◆ Instructions for the task ◆
Could you repeat the listing below exactly while leaving its pictures behind?

◆ Given data ◆
⁂

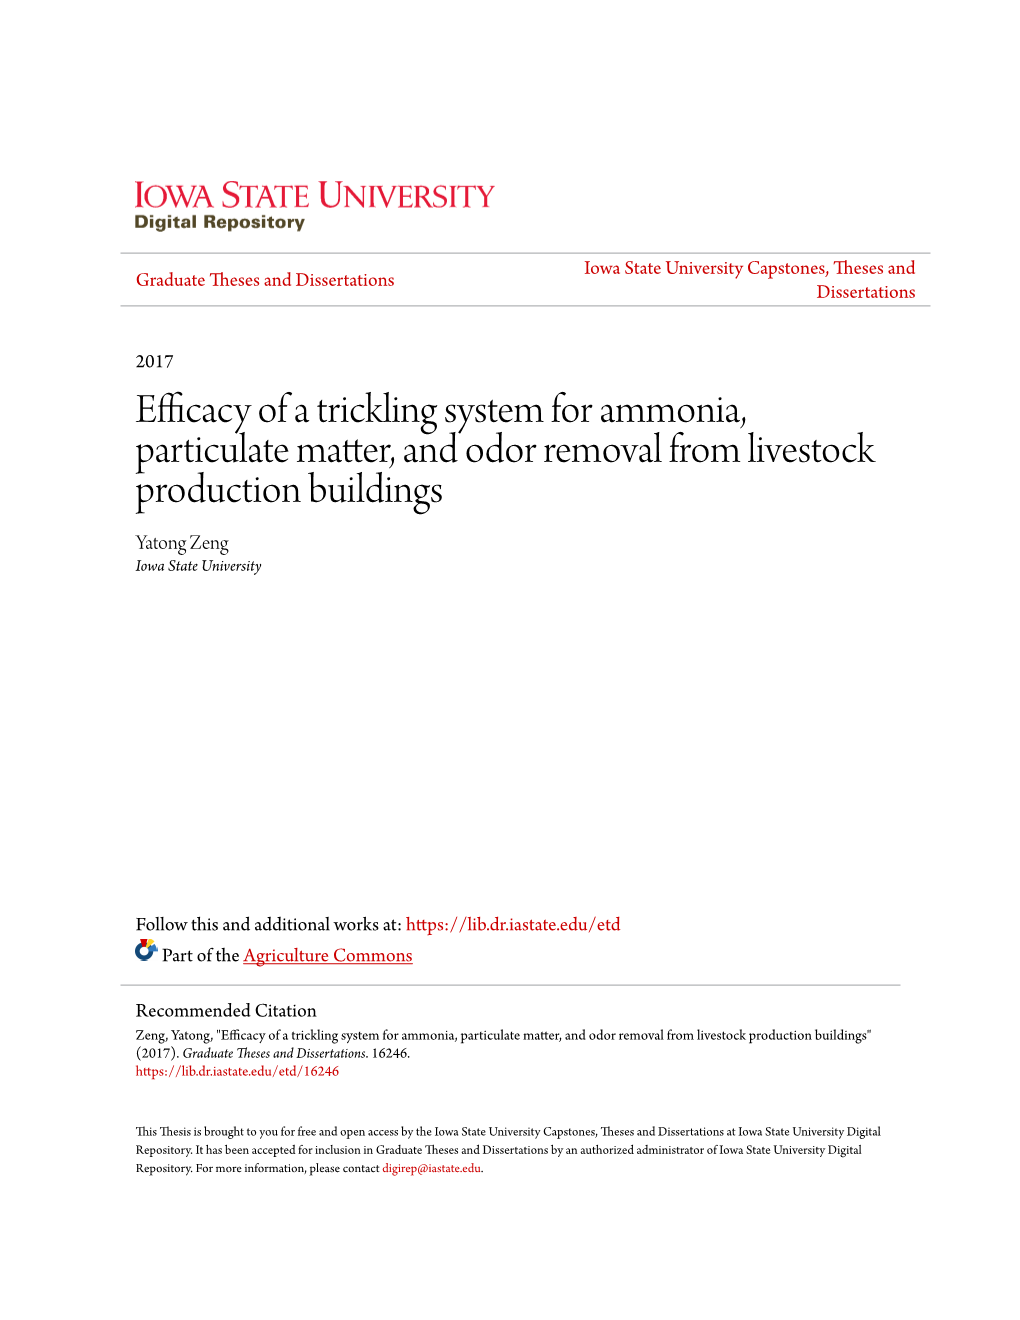 Efficacy of a Trickling System for Ammonia, Particulate Matter, and Odor Removal from Livestock Production Buildings Yatong Zeng Iowa State University
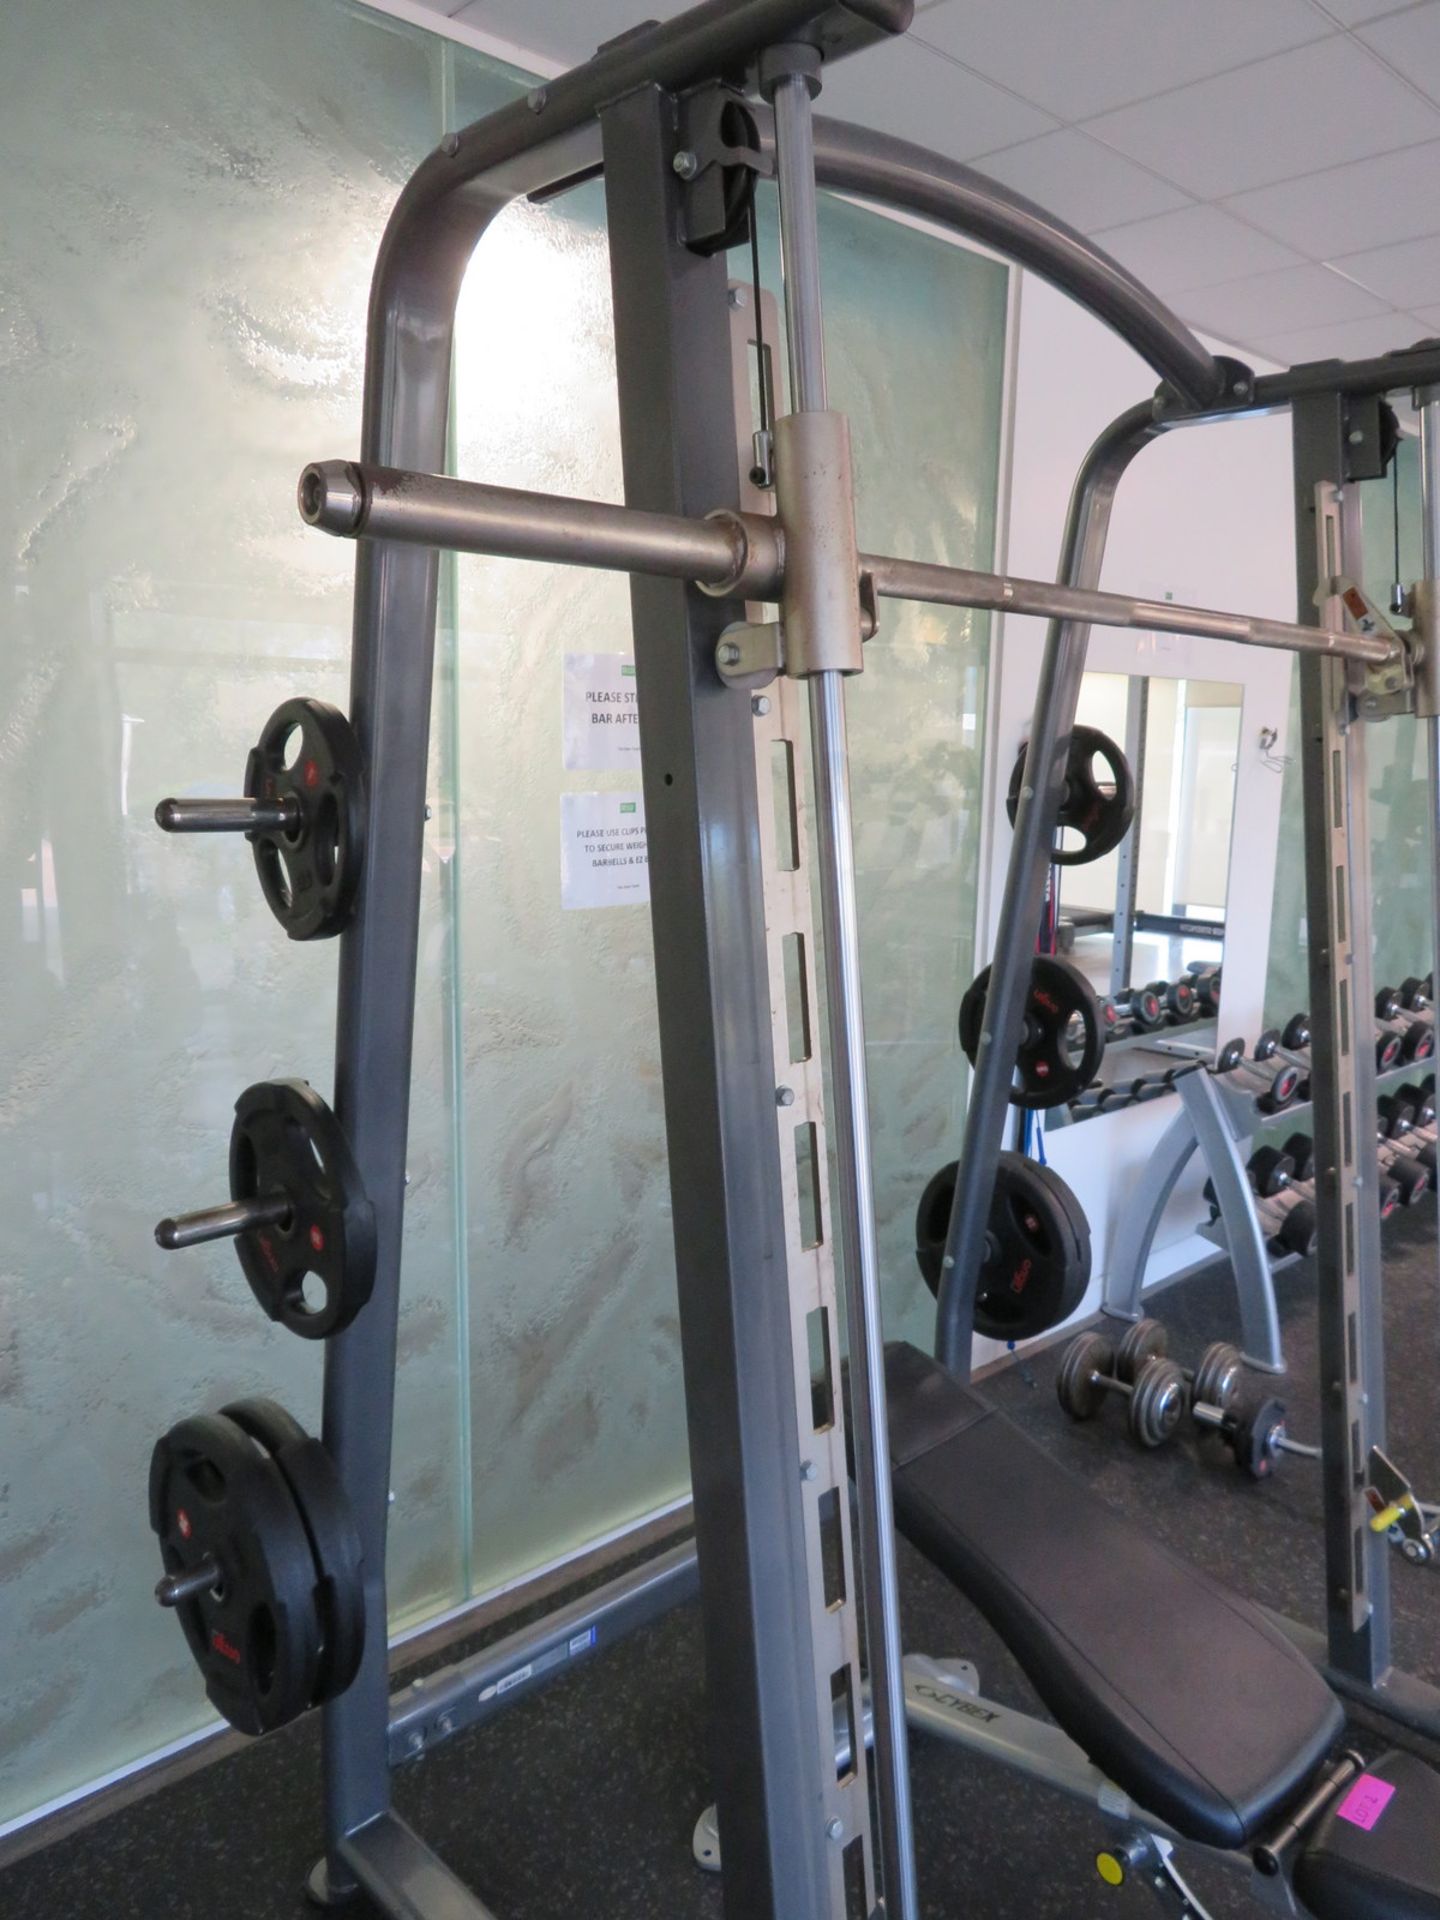 Gymgear Elite Series Smith Machine Complete With Cybex Bench & Weight Plates. - Image 5 of 12
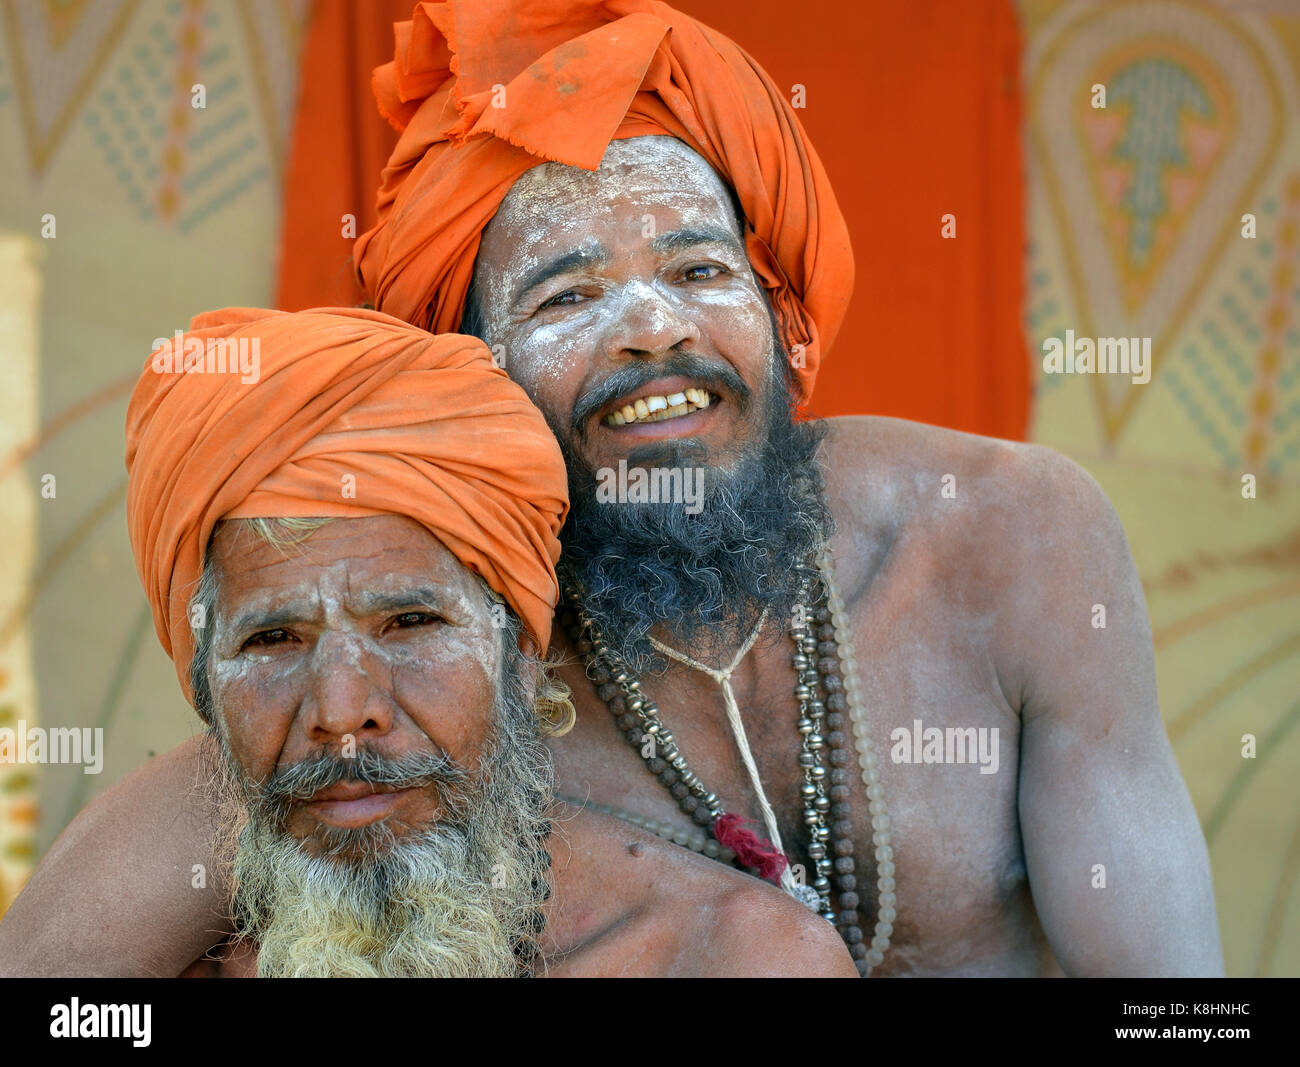 Two happy Indian Hindu sadhus with orange turbans and sacred white ash all over their faces, beards and bodies, hugging each other in a close embrace Stock Photo

⁂

◆ Finished task ◆
 Efficacy of a Trickling System for Ammonia, Particulate Matter, and Odor Removal from Livestock Production Buildings Yatong Zeng Iowa State University
 Gymgear Elite Series Smith Machine Complete With Cybex Bench & Weight Plates. - Image 5 of 12
 Two happy Indian Hindu sadhus with orange turbans and sacred white ash all over their faces, beards and bodies, hugging each other in a close embrace Stock Photo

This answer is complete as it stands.